[What you need to do]: Return exactly the lines of the records below, starting at the line that contains "Zestaw-do-monitoringu-CAMSET-dwieanteny-orllo-pl" and ending at the line that contains "General Manager David", with both of those lines kept.

[Data supplied]:
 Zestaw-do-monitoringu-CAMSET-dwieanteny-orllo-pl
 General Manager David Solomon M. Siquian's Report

--

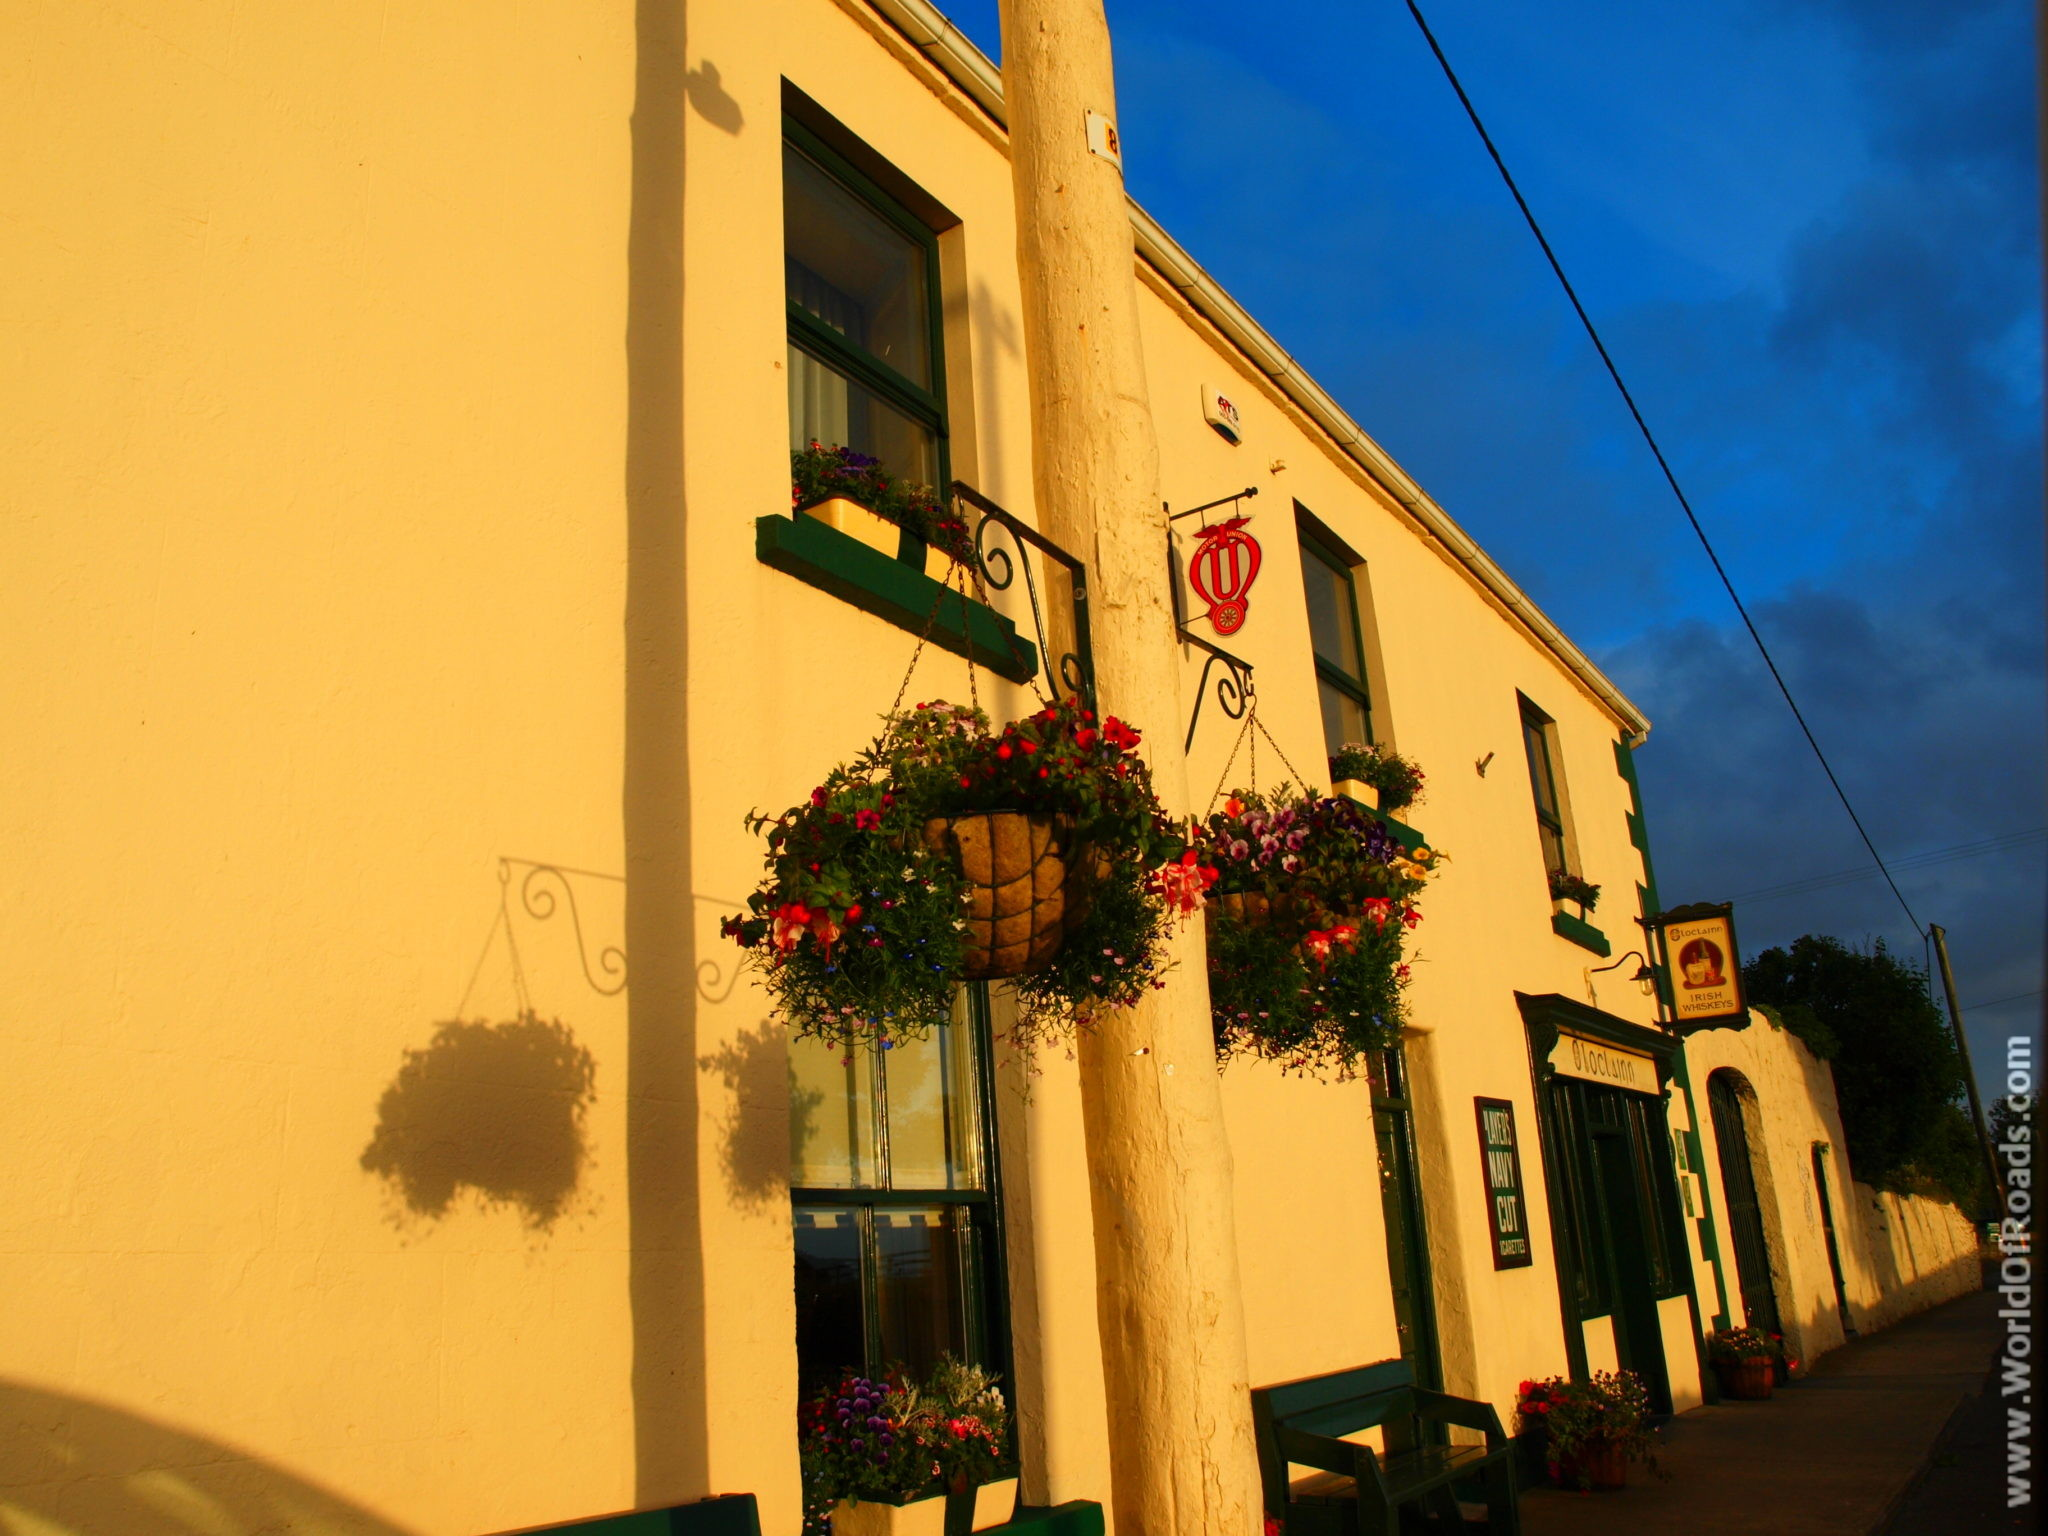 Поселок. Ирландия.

[Output for this exercise]:
 Zestaw-do-monitoringu-CAMSET-dwieanteny-orllo-pl
 General Manager David Solomon M. Siquian's Report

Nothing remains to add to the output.